The artificial sewage was circulated at a circulation rate of 80 mg / liter so that the dephosphorizing material flowed. The phosphorus concentration in the artificially contaminated water with the elapsed time in that case was measured respectively. Table 3 shows the results.

[0021]

[Table 3]

[0022]

According to the dephosphorizing material of the present invention, by adding a mixture of a calcium aluminate-containing substance and calcium sulfate, the product production rate is improved, the dephosphorizing effect is increased in a short time, and the sustainability is improved. The effect that it can improve is produced. In the dephosphorizing material of the present invention, the mixing ratio between the calcium aluminate-containing substance and calcium sulfate is S
When the molar ratio of O ₃ / Al ₂ O ₃ is in the range of 1.0 to 2.0, an excellent commercialization rate can be obtained, and the dephosphorization effect is further improved and the durability is improved. .
Further, in the present invention, the addition ratio of the total amount of the calcium aluminate-containing substance and the calcium sulfate to the total amount of the calcareous raw material and the siliceous raw material is 100%.
When the amount is 5 to 30 parts by weight with respect to the parts by weight, an effect of further improving the productization rate, enabling autoclave curing in a short time, improving the dephosphorization effect, and improving the sustainability is exhibited.

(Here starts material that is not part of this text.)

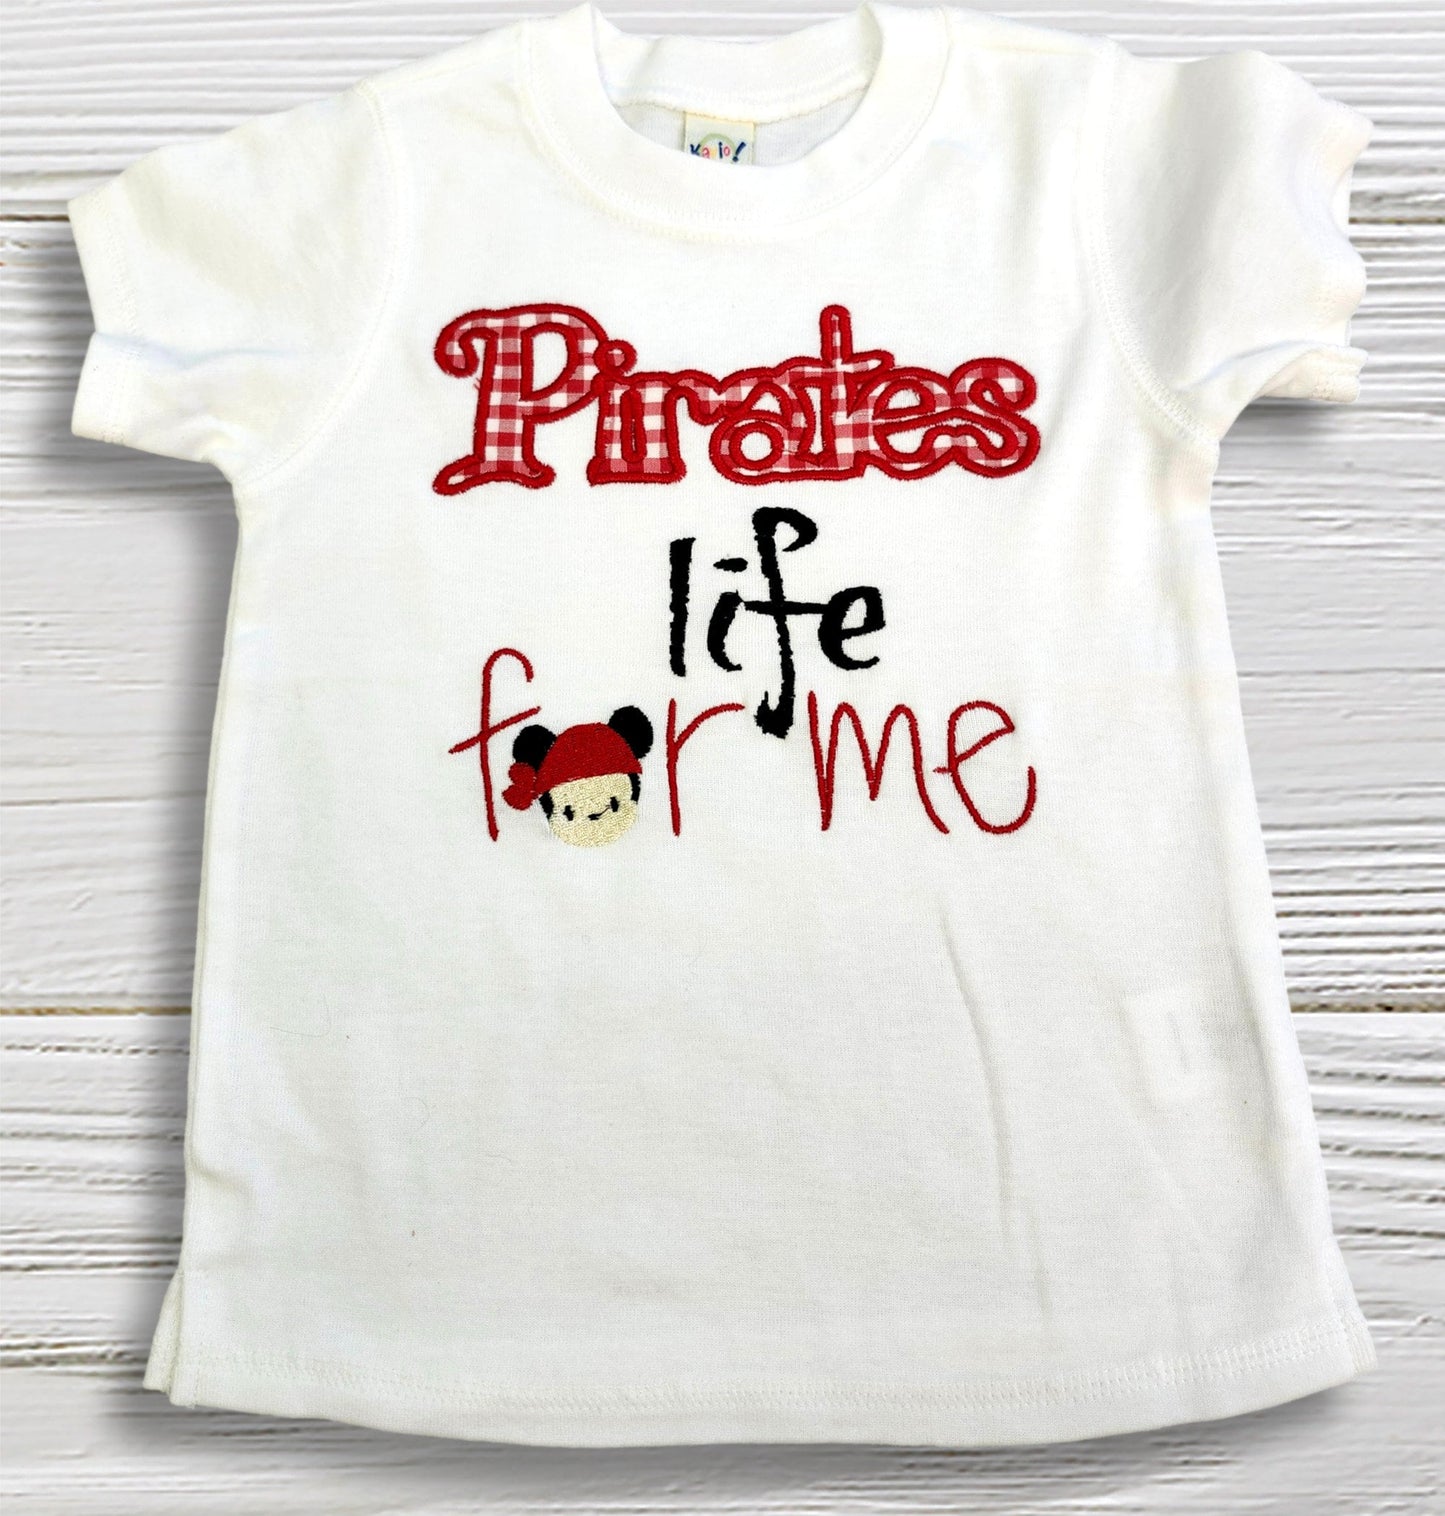 Pirates boys shirt, Pirate life toddler shirt, Birthday pirate shirt, Cruise pirate shirt

[Brief description of the drawings]

FIG. 1 is a sectional view showing a batch experiment apparatus used in the present invention.

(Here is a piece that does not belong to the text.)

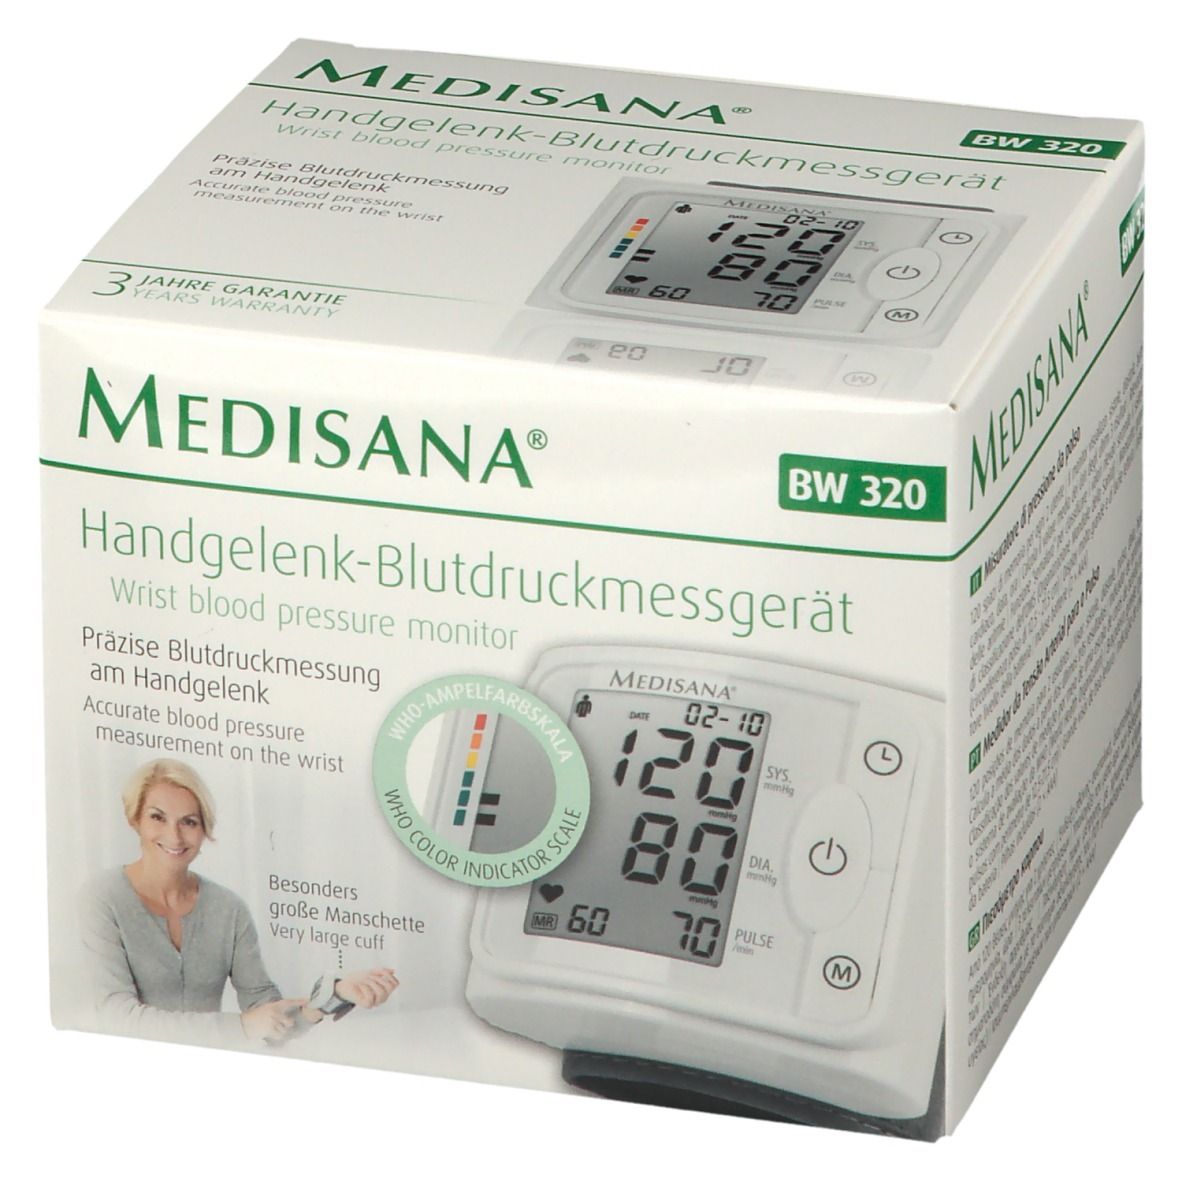 Handgelenk-Blutdruckmessgerät St 1 Redcare - BW Apotheke 320 Medisana

FIG. 2 is a sectional view showing a continuous water flow experiment device used in the present invention.

[Explanation of symbols]

 1 Cylinder 2 Dephosphorizing material 3 Glass bead 4 Pump 5 Raw water 6 Treated water

 ──────────────────────────────────────────────────続 き Continuing on the front page (72) Inventor Yuichi Fukushima 1-297 Kitabukurocho, Omiya City, Saitama Prefecture Inside Ube-Mitsubishi Cement Research Institute Co., Ltd. (72) Katsumi Moriyama 1-10-2 Mai nori, Koga City, Fukuoka Prefecture (Reference) 4D024 AA04 AB12 BA11 BA13 BB01 4G066 AA17A AA20A AA30A AA30B AA47A AA73A AA75A BA26 CA41 DA08 FA02 FA12 FA21 FA26 FA37

Claims (4)

[Claims] 1. A granulated material obtained by adding water to a mixture of a calcareous raw material and a siliceous raw material and a total mixture of a calcium aluminate-containing substance and a calcium sulfate mixture, and subjecting the mixture to autoclave curing. Dephosphorizing material. 2. The mixing ratio between the calcium aluminate-containing substance and calcium sulfate is such that the molar ratio of SO ₃ / Al ₂ O ₃ is 1.0.
The dephosphorizing material according to claim 1, which is in a range of -2.0. 3. The calcium aluminate-containing substance is CA
(CaO.Al ₂ O ₃ ), C ₁₂ A ₇ (12CaO.7A)
_{l 2 O 3), C 11} A7 ( dephosphorization of claim 1 or claim 2, characterized in that the slag or alumina cement produced stainless steel during manufacture of a material containing a 11CaO · 7Al ₂ O ₃₎ Wood. 4. The addition ratio of the total amount of the calcium aluminate-containing substance and calcium sulfate to the total amount of the calcareous raw material and the siliceous raw material is 5 to 5 parts by weight based on 100 weight parts of the total amount of the calcareous raw material and the siliceous raw material. 4. The dephosphorizing material according to claim 1, wherein the amount is 30 parts by weight.